A half-caste’s take on diversity, inclusion, and resilience

By Mohan Dhall
Representational Photo by Jon Tyson on Unsplash

I am half German and half north Indian. I was born in Scotland. My mother was born in Wales, but her parents were born in Germany. My father was born in Kenya, but his father was born in Punjab. I had been to six different primary schools by Year 3.

Scotstown Primary School and Broomhill Primary School in Aberdeen, Scotland. Muthaiga Primary School and Lavington Green Primary School in Nairobi, Kenya. Mount Neighbour Primary School in Canberra and Queanbeyan East Primary School in Queanbeyan.

In Scotland I was “blackie.” In Kenya I was, my cousins told me constantly, a “half-caste”. In Year 4 in Queanbeyan, I was “Boondy” the Indian kid. In high school I was “Kamahl.”

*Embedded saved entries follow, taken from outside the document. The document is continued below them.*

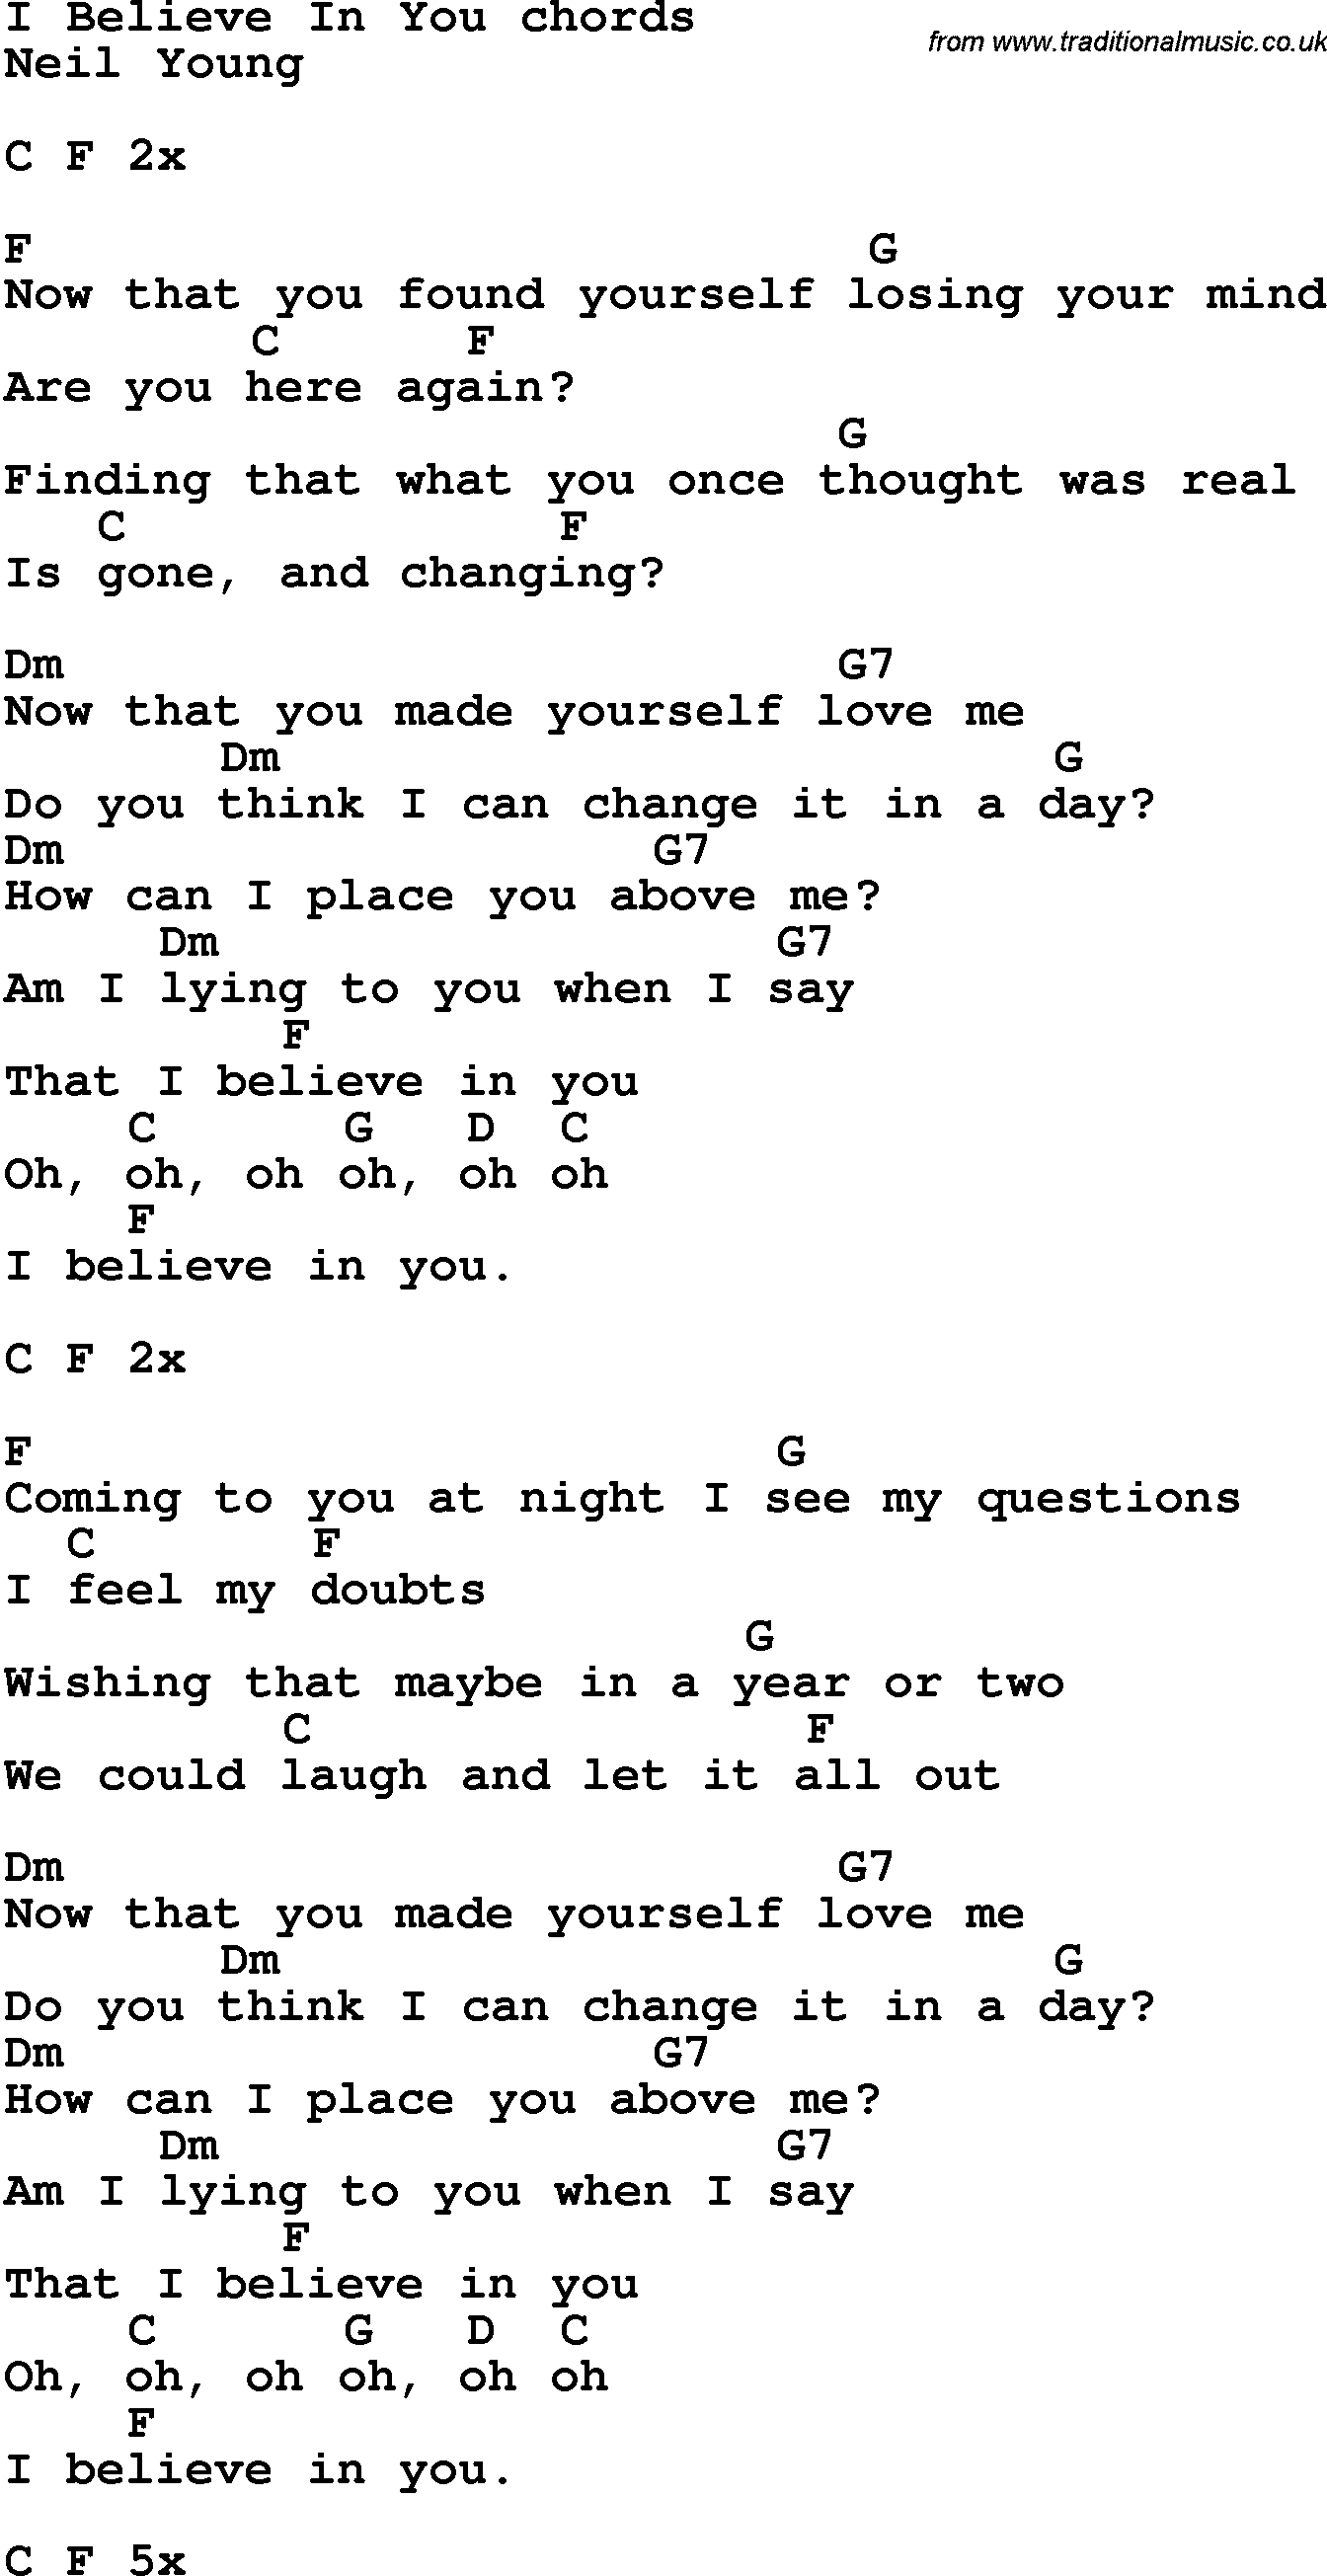 lyrics to neil young song tell me why
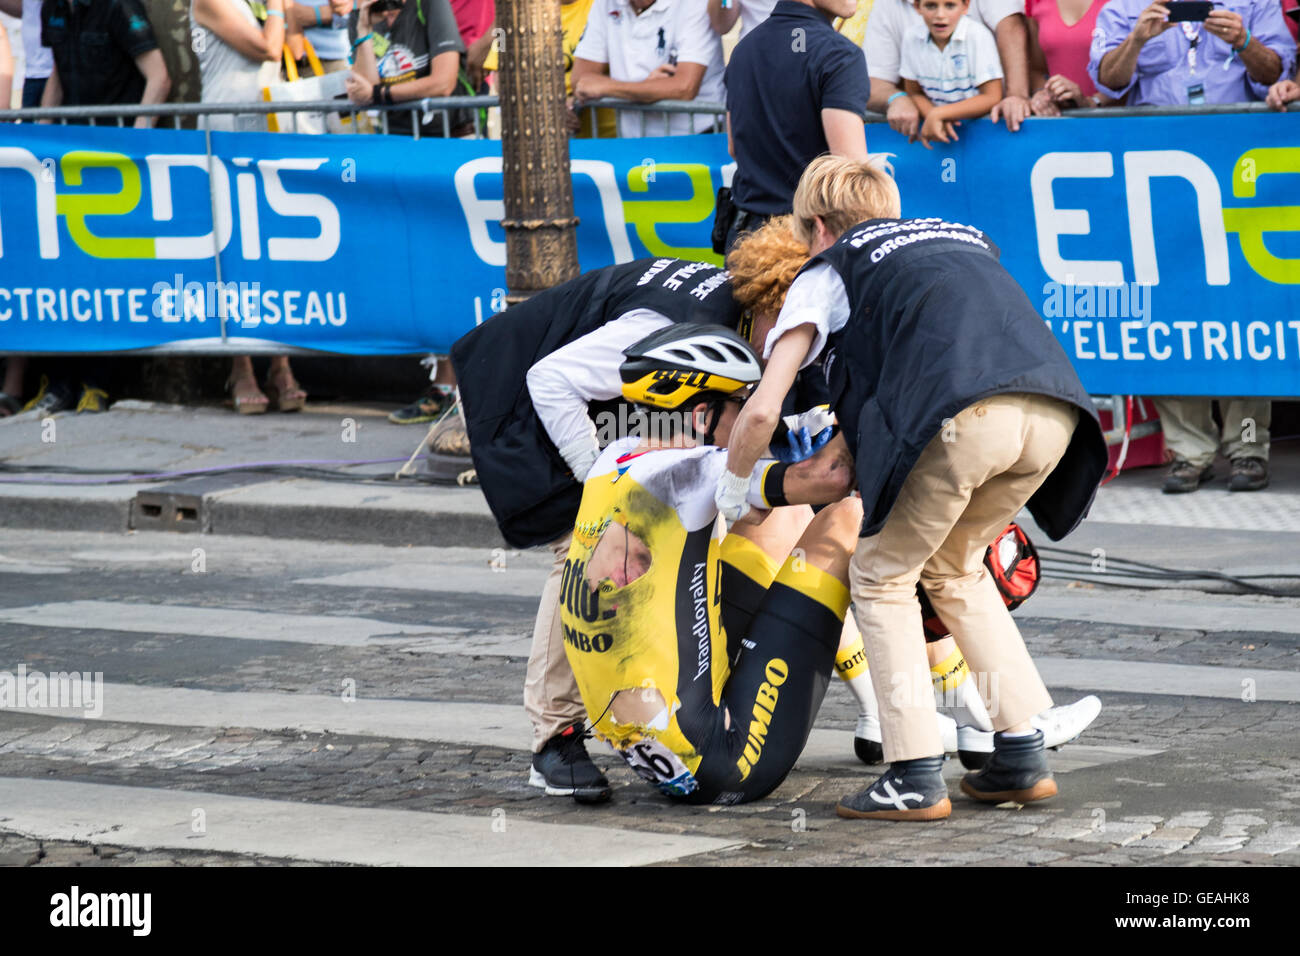 24th July, 2016. Paris, FR. Timo Roosen (Team LottoNL-Jumbo) crashes on the final lap of the circuit in Paris. Despite injury, Roosen acquired a new bike from a team car to finish the stage. John Kavouris/Alamy Live News Stock Photo
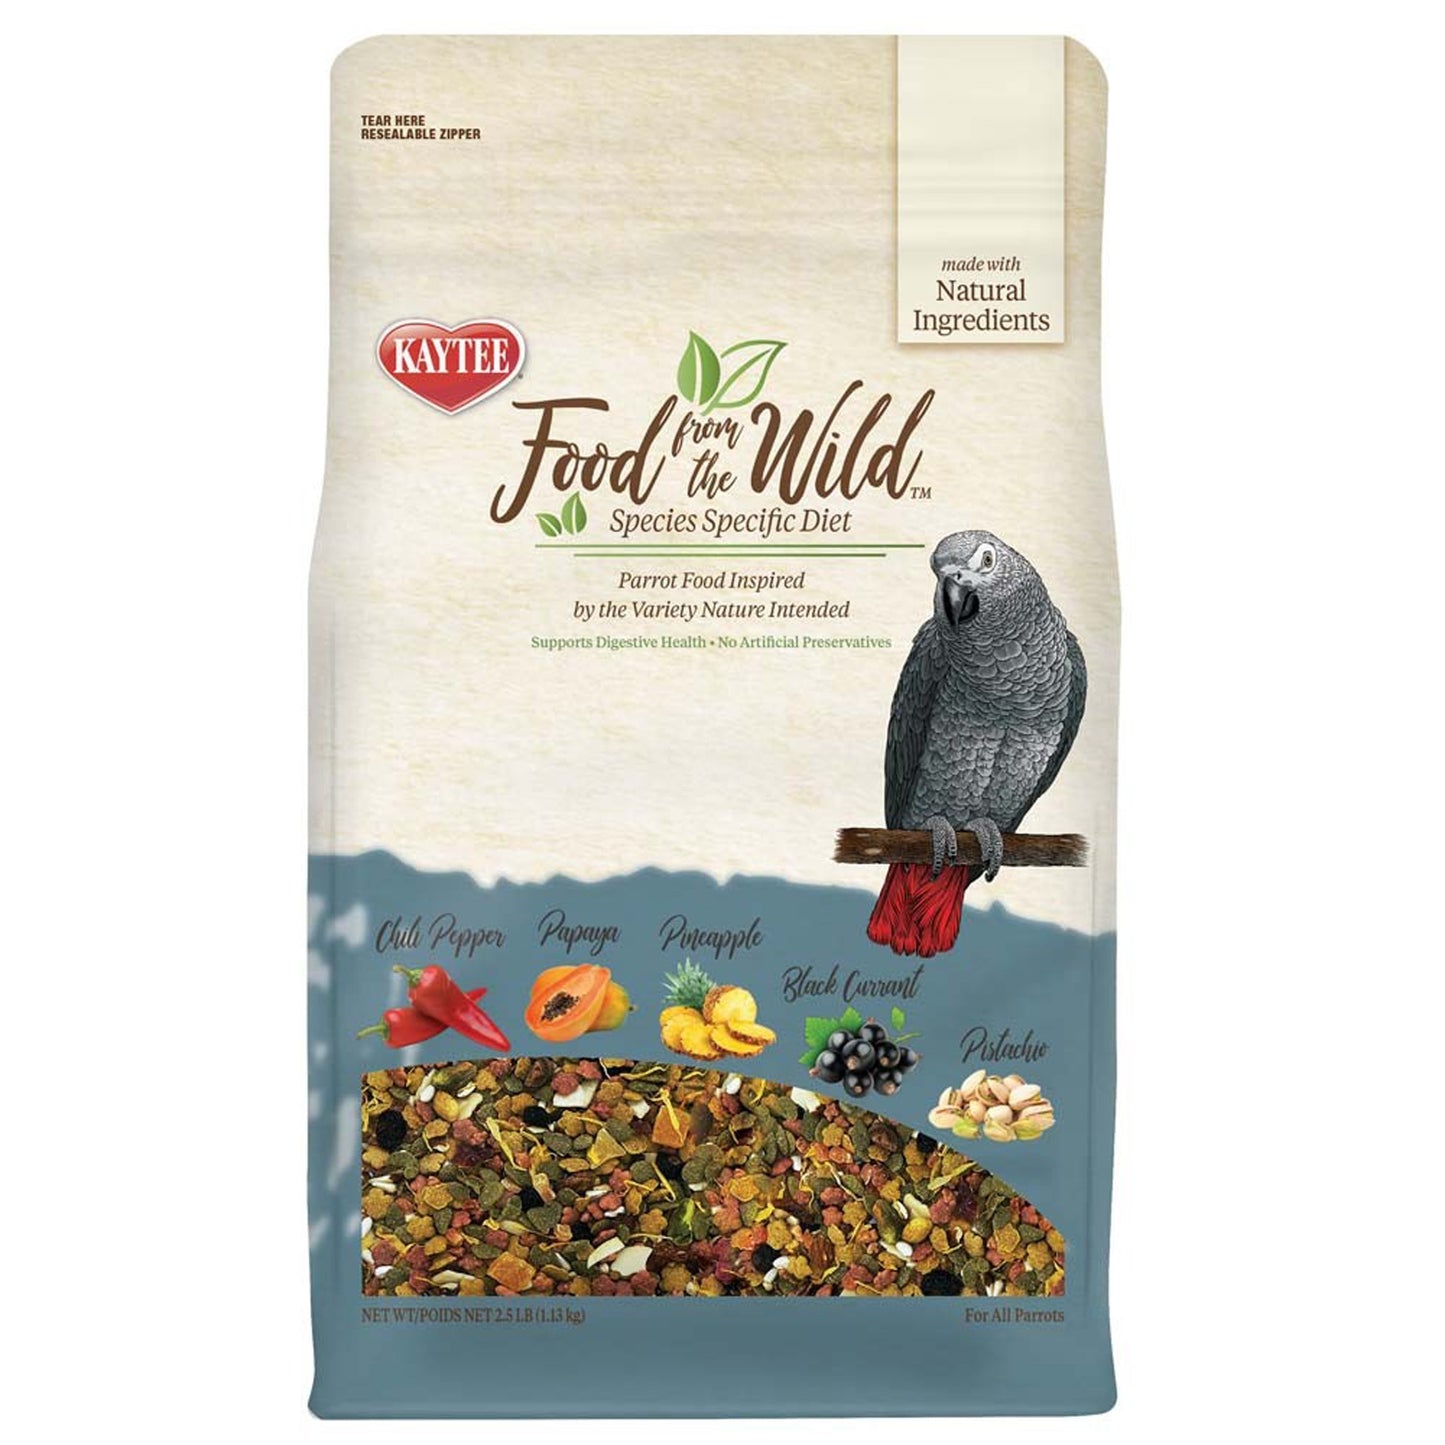 Kaytee Food from the Wild Parrot 1ea/2.5 lb
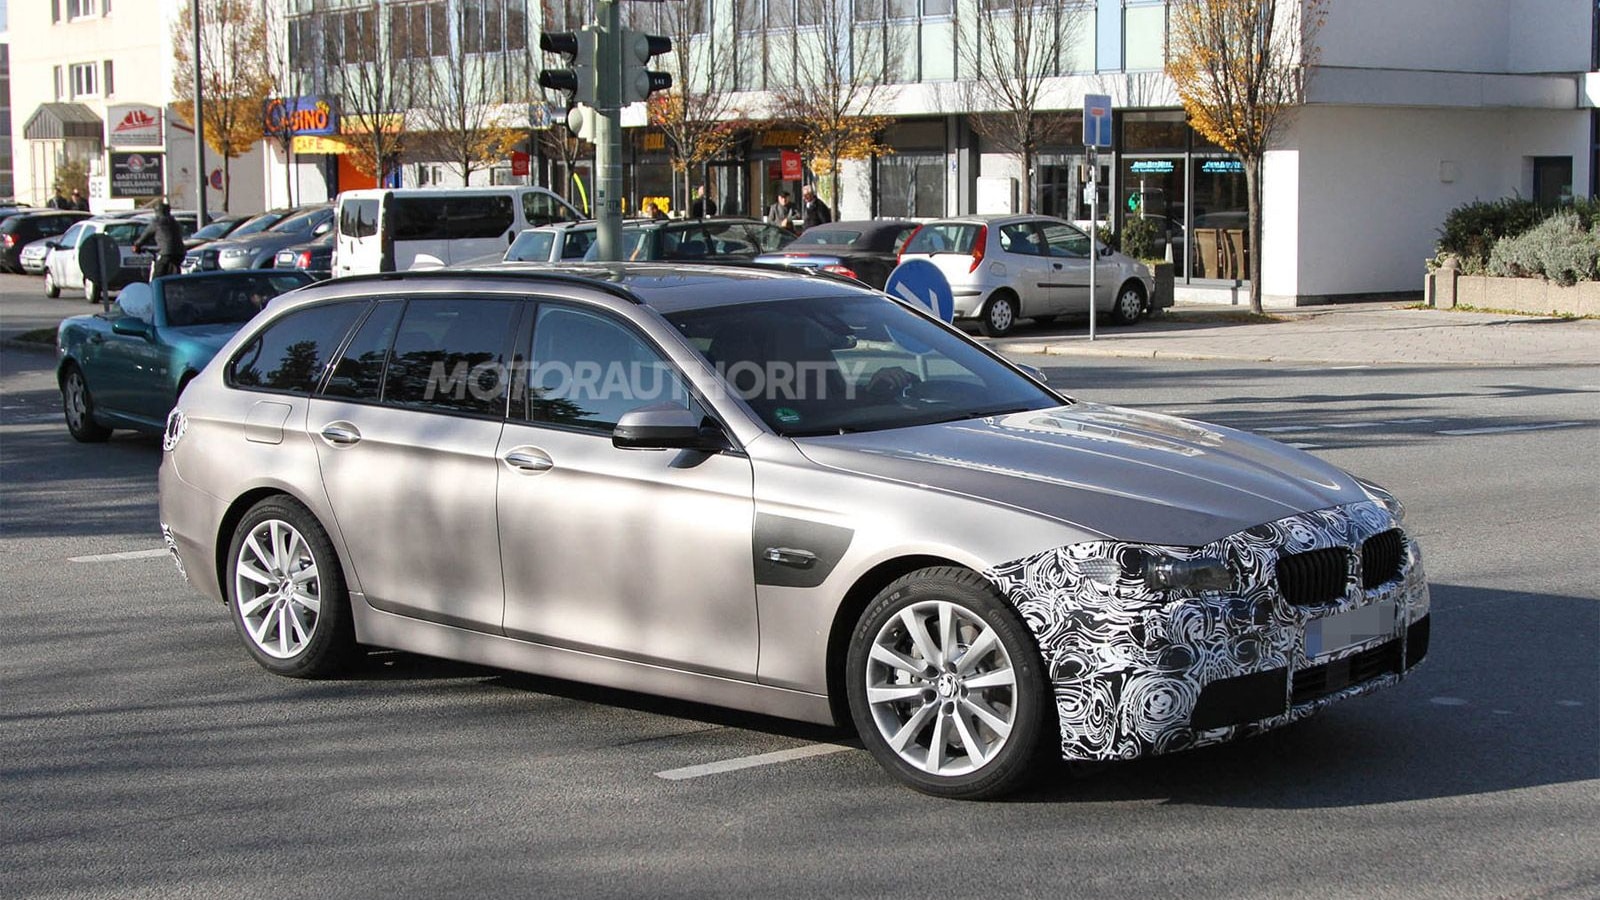 2014 BMW 5-Series Touring facelift spy shots

Racism was intrinsic to my self-definition as a 10-year-old.

In one form, racism was physical. “Pud” Haigh, a next-door-neighbour, spitting on me as we got off the school bus and kicking me. His older brother throwing stones. My cousin shooting me with an air rifle.

In another form racism was social. I was a “wog” like the Croatians, the Yugoslavians, the Italians, and the Greeks in Queanbeyan. I was not in a group, just moving between people in the playground.

In yet another it was cultural. I was a “curry-muncher” despite never actually eating curry.

I thought I was “Anglo-Indian”

For many years I thought I was Anglo-Indian, or Scottish-Indian. I had heard of Anglo-Indian as a category so being born in the UK, I defined myself as “Anglo.” I had not heard, and still have not heard, of German-Indian.

In the effort to self-define, sometimes there is iteration and indeed reiteration.


Diversity begs a question. Diversity asks us to understand the influence of culture, language, social class, disability, minority status, majority status and the like.

I spoke and speak some Gaelic, English, Swahili, Hindi, Punjabi and, from when my father remarried, Urdu. In high school I learnt four years of German. The words I think in are a fusion from lots of places, with sentences blending from these languages but generally spoken in English, though sometimes, purposefully, heavily accented and embellished.

But where, I ask diversity, where am I?

I do not see myself reflected in any paradigm other than that of the boundary rider. The outsider looking in. A person who sees institutions, their place and utility but not fully belonging to any.

A person perhaps seeking the “I” in team.

Do I need to be recognised for my amalgam?

Idioms and limitation

Using an idiom, it is said “You cannot be what you cannot see.” But if you cannot ever see anyone like you—who must you be? Diversity, one assumes, can only say, “Be yourself.”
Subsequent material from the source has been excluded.